Aureus does not target the median retail-fintech user. It targets the financially literate but optimisation-averse mid-career professional whose money is in the wrong place — not because she doesn't understand finance, but because the existing tools insulted her intelligence or hid the mechanics behind a black box. Alex is the specific user every module was designed against.
Primary Persona · Alexandrea "Alex" Hernandez
Income
$85K base + ~$15K variable commission · highly seasonal (Q3 harvest + Q4 holiday cycle)
Assets
$42K checking · $18K 401(k) · $7K Robinhood ETFs + meme remnants · $68,685 net worth
Liabilities
Car loan $380/mo · No credit card debt · No student loans
Savings rate
~28% of net when commission lands — distributed poorly across accounts
Goals
House down payment in 3 yr · Retire by 55 · Build personal label one day · Never get burned by another meme stock
Reads
Wine Spectator · Matt Levine's Money Stuff · r/personalfinance · scans the trade weekly for distributor pricing intel
"I run margin spreadsheets on case allocations every week.
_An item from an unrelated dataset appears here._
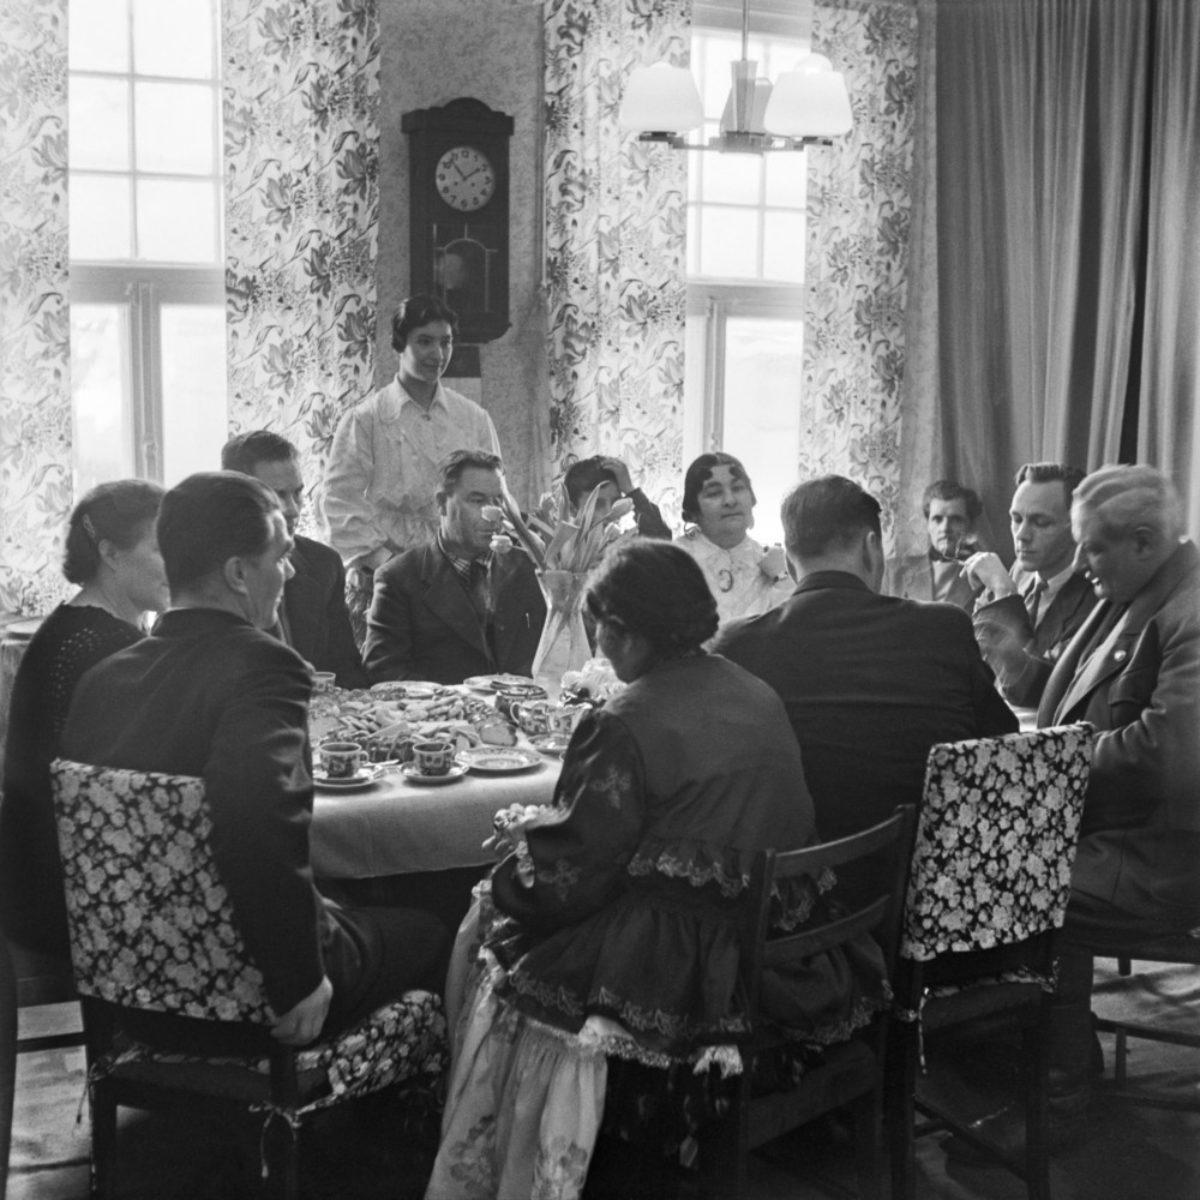 Kalle and Elli Hagert's family in Vallila. Helsinki, 1955. Photo: UA Saarinen / Press Photo Archive JOKA / Finnish Heritage Agency
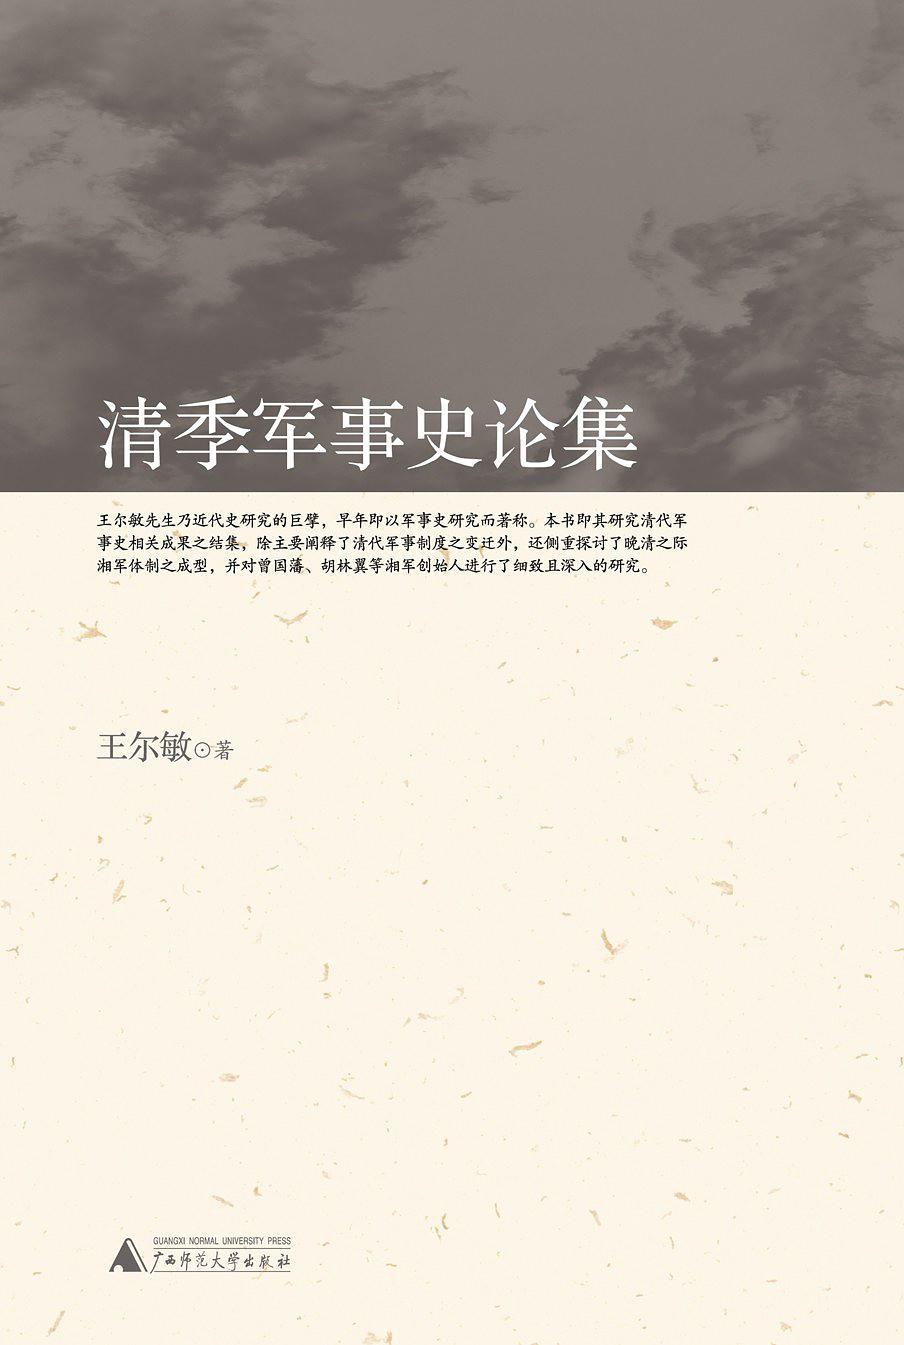 清季军事史论集 – 王尔敏 – pdf mobi epub 电子书

I understand what's hidden behind a price. I just don't feel compound interest the way I feel a 12% case discount. The apps that scold me for buying lunch treat me like a child. The robo-advisors won't show me their math. I want what a private-banker spreadsheet would tell my boss — not a budgeting lecture."
Before finding Aureus, Alex cycled through four products. Each addressed one piece of her need and failed her on the others. The failure pattern is the gap Aureus is built into.
Mint (2022, deleted after 8 weeks)
Failed on tone. Categorised every distributor lunch and tasting-room road trip as "Restaurants overspend" and emailed her weekly summaries that read as scolding. Half of those meals were how she closes accounts. Within two months she stopped opening the app, then deleted it. Mint optimises for the median user with under-control spending anxiety; Alex's problem was the opposite — her variable commission landed in lumps and sat idle in checking, while the legitimate work-related spending got flagged as a moral failing.
YNAB (You Need A Budget) (2023, deleted after 3 weeks)
Failed on the wrong abstraction. YNAB's mental model — assign every dollar to a category at the start of the month — is built around scarcity. Alex's problem is the opposite: her dollars are unassigned not because she's irresponsible, but because she has more cash than the budgeting framework knows what to do with. Assigning $42,000 in checking to "future spending categories" felt absurd. She didn't need a budget; she needed an allocation strategy.
Betterment (2023, abandoned after 2 deposits)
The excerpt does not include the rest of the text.